Body Positivity

Definitely not a body to write home about

Body positivity – learning to not only accept the truth of one’s body, but to let go of judgments about the bodies of others. In the world of naturism, it is accepted as a near truth that those who engage in social nudity have a high level of body positivity. I have to admit that I question that commonly held belief. In a way, being nude is curiously like wearing a costume or a mask. Because of the company we keep when in a social nudity situation, it allows us to feel at one with the tribe. Yet, once we are left on our own, we see our bodies differently, and not usually with a kind lens.

In social nudity situations, it becomes easier to not focus on bodies, ours or others. We tend to look at each other face-to-face. Our bodies are present but typically they are conscientiously not glanced at. And that, sets us at ease. If the others are looking at us generically then we feel our flaws are not remarked upon. Add to that reality, naturists go out of their way to make sure no body comments are made. In front of the mirror when we are alone, we examine ourselves as though through a microscope. Extraneous hairs are plucked, blackheads are squeezed, guts are sucked in, and still we find that our bodies don’t quite live up to our expectation.

Okay, so maybe I am talking about myself and not others. In general terms, I am okay with my body up to a point. I am more than slightly dissatisfied with my body’s betrayal – left knee and right hip pain – a fact of my getting to be older. I’m not gaining extra weight, but things are shifting around and muscle mass is more of a memory than a fact. I am particularly not happy with the fact of two aspects of my body. My belly button has decided to protrude when I am at rest. Even if I lose the extra few pounds [and I do every winter in warm climates] the belly button refuses to retreat. The second disappointment is one that is more long-standing, my testicles. With age, the sack has dropped, but not the testicles themselves. I end up with a dangling flap of scrotum. But that aside, I am okay with my body … well, maybe a little bit better than okay. I take care of my body with natural exercise and proper eating habits [most of the time].
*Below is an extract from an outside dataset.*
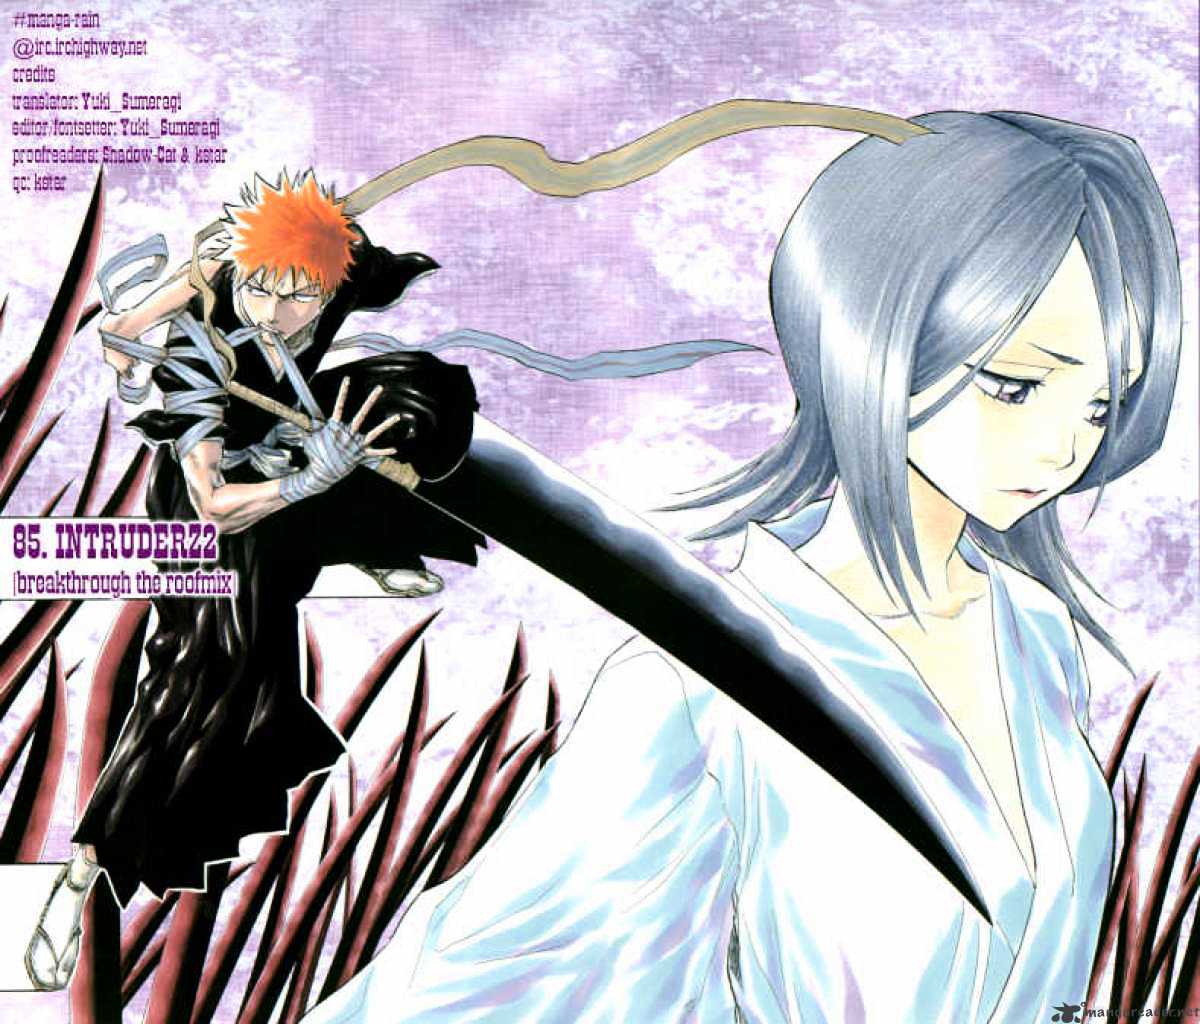 Bleach Chapter 85 : Intruderz 2 Breakthrough The Roof Mix - Picture 2

I see changes in my wife’s body and for some strange reason, it just doesn’t matter. She is still beautiful. Whenever I say that to her, she tells me to put on my glasses or get my lens prescription changed. She doesn’t see what I see. She is much wiser than I am as she is more accepting of aging. After all, she works in a nursing home and realistically knows that there is no escaping the changes that aging will inflict on the body.

Listening to other naturists, I hear comments about the niggling things which cause them dissatisfaction with their bodies. But, I hear less from them than I do from friends who are never nude. I get tired of hearing about weight, diet, derogatory comments about others who are not perfect according to some constantly shifting standard. Guys are particularly bad in judging. They create rating scales for many of the women they see, especially young women. The laugh at many wondering how “he” ever hooked up with such a gorgeous woman. Or, wonder what an average kind of guy ever saw in a woman whom they place at the bottom of any ranking scale because of appearance. Curious, on clothing optional beaches and in naturist venues, those comments don’t get said.

What about you? Are you fully satisfied with your body? Are you able to refrain from judging others because of their bodies? Share your stories.